● **Exercise description**
Return the listing in full and exactly, but without a single picture.

● **The data**
◆ ◆ ◆ ◆ ◆ ◆ ◆
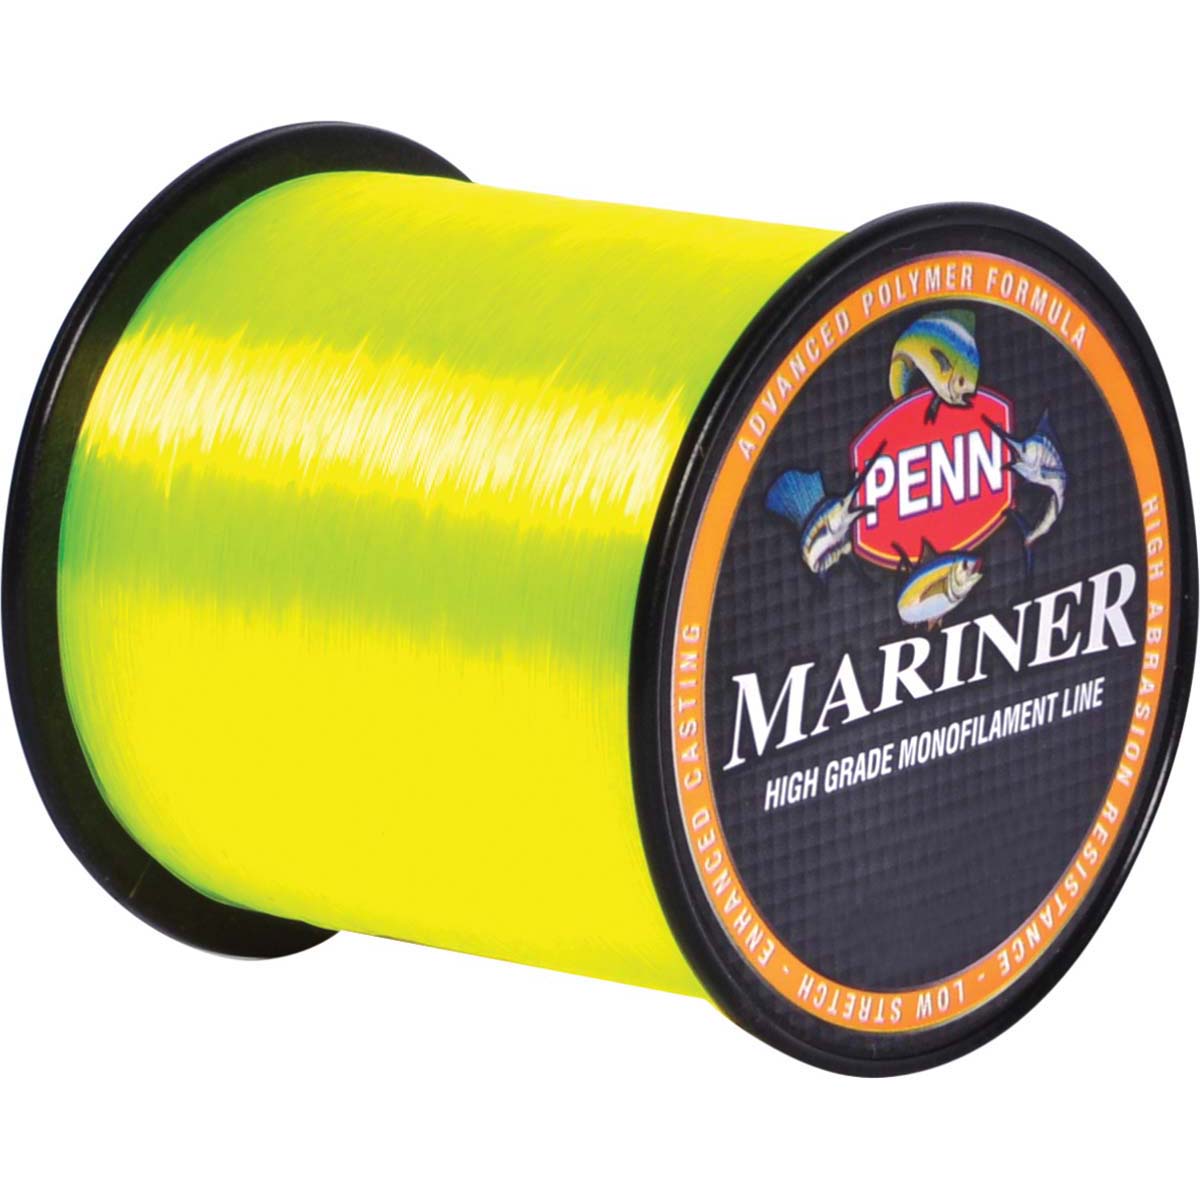 Penn Mariner Mono Line 245m 12lb 12lb
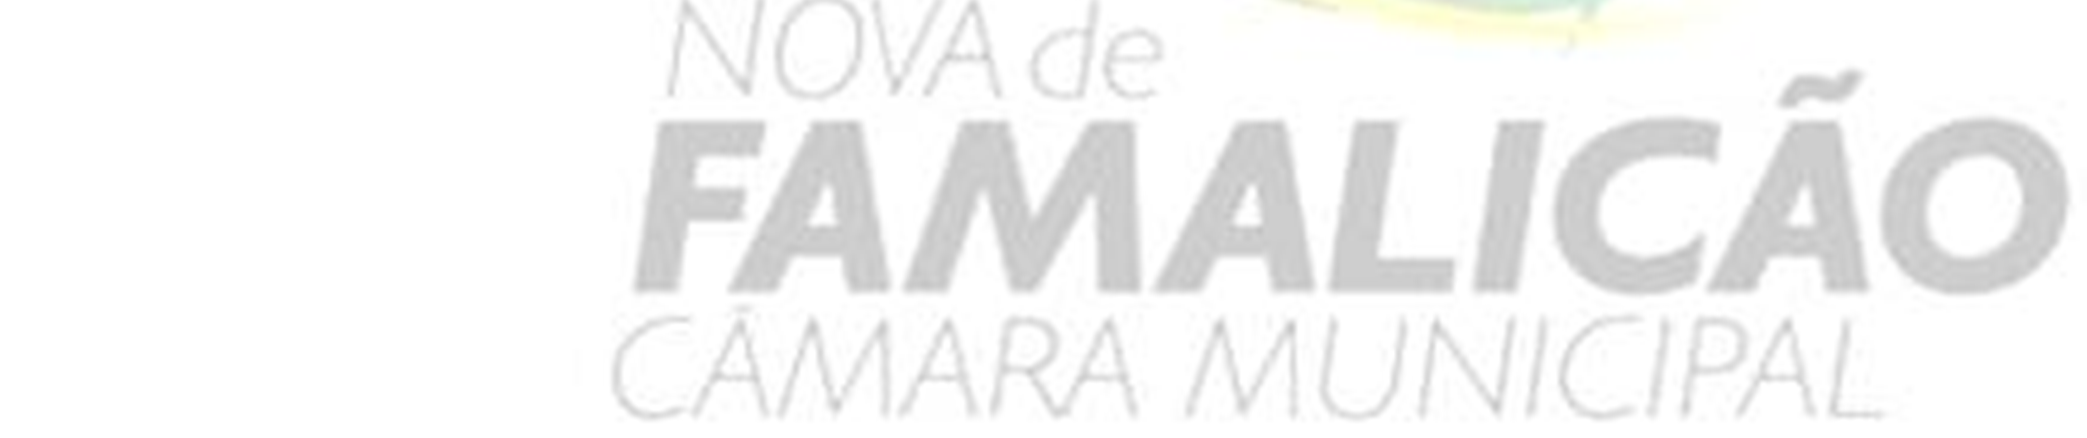 PMMEE - Vila Nova de Famalicão 2013/2014 Dimensão Central de Melhoria: ELEVADOS PADRÕES ACADÉMICOS Dimensões de Melhoria Estratégias Desenvolvimento da Literacia Desenvolvimento das Competências
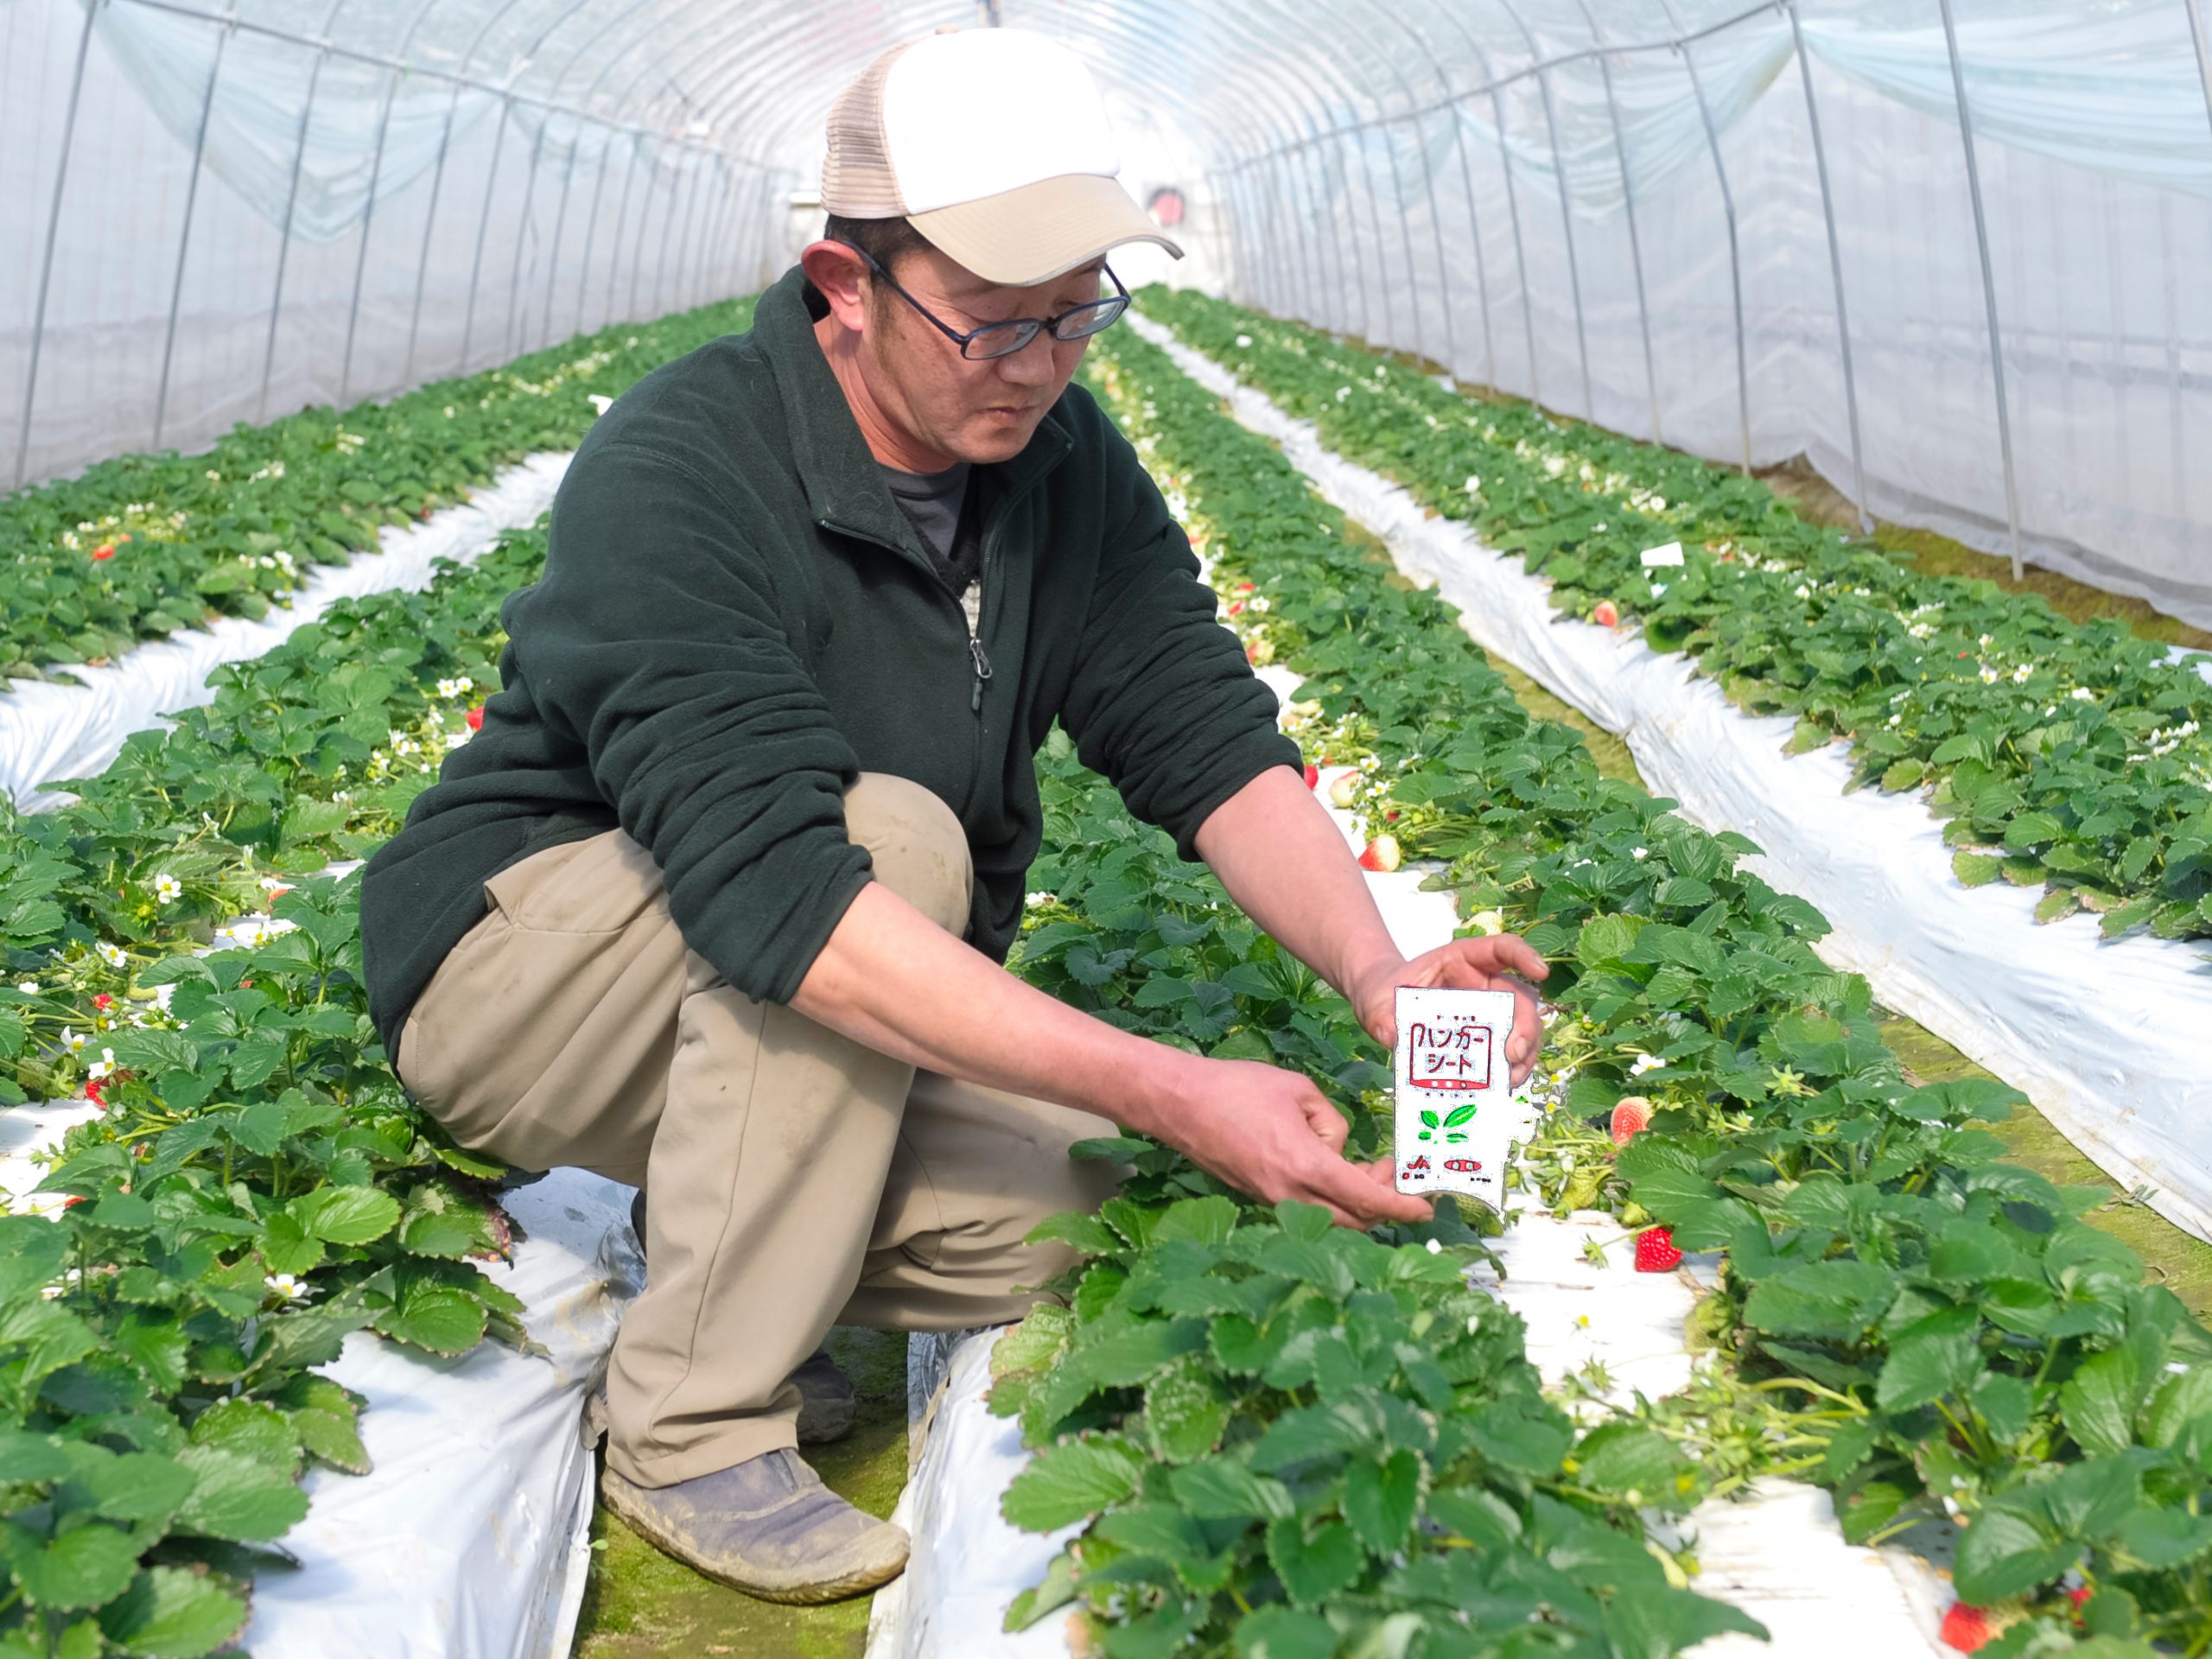 「ミヤコバンカー®」でハダニ類の防除を安定化。天敵利用で埼玉ブランドイチゴを育てる
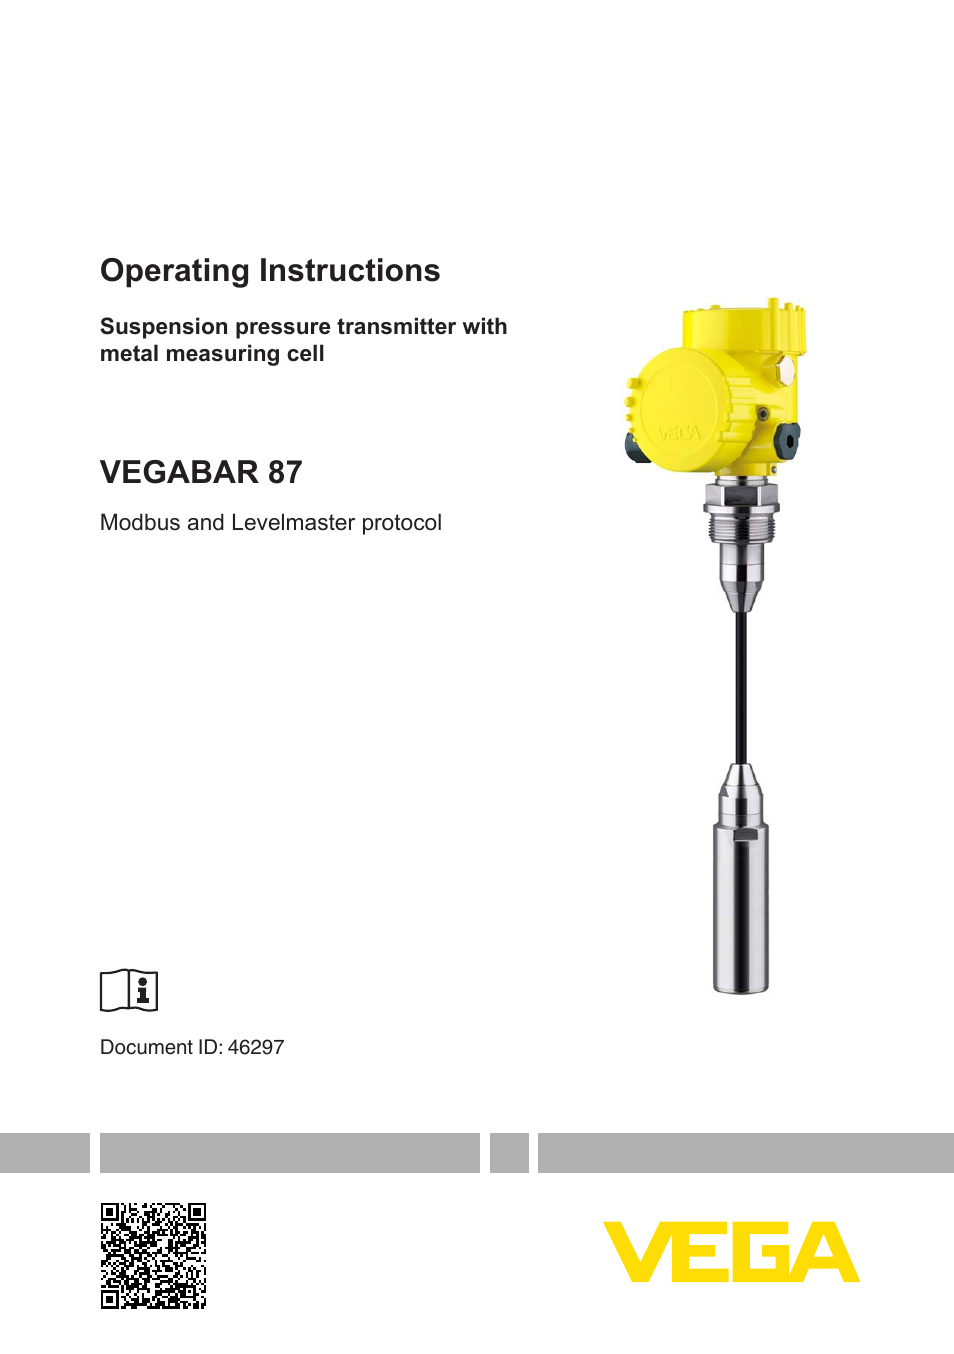 VEGABAR 87 Modbus and Levelmaster protocol - Operating Instructions
◆ ◆ ◆ ◆ ◆ ◆ ◆
● **Task answer**
 Penn Mariner Mono Line 245m 12lb 12lb
 PMMEE - Vila Nova de Famalicão 2013/2014 Dimensão Central de Melhoria: ELEVADOS PADRÕES ACADÉMICOS Dimensões de Melhoria Estratégias Desenvolvimento da Literacia Desenvolvimento das Competências
 「ミヤコバンカー®」でハダニ類の防除を安定化。天敵利用で埼玉ブランドイチゴを育てる
 VEGABAR 87 Modbus and Levelmaster protocol - Operating Instructions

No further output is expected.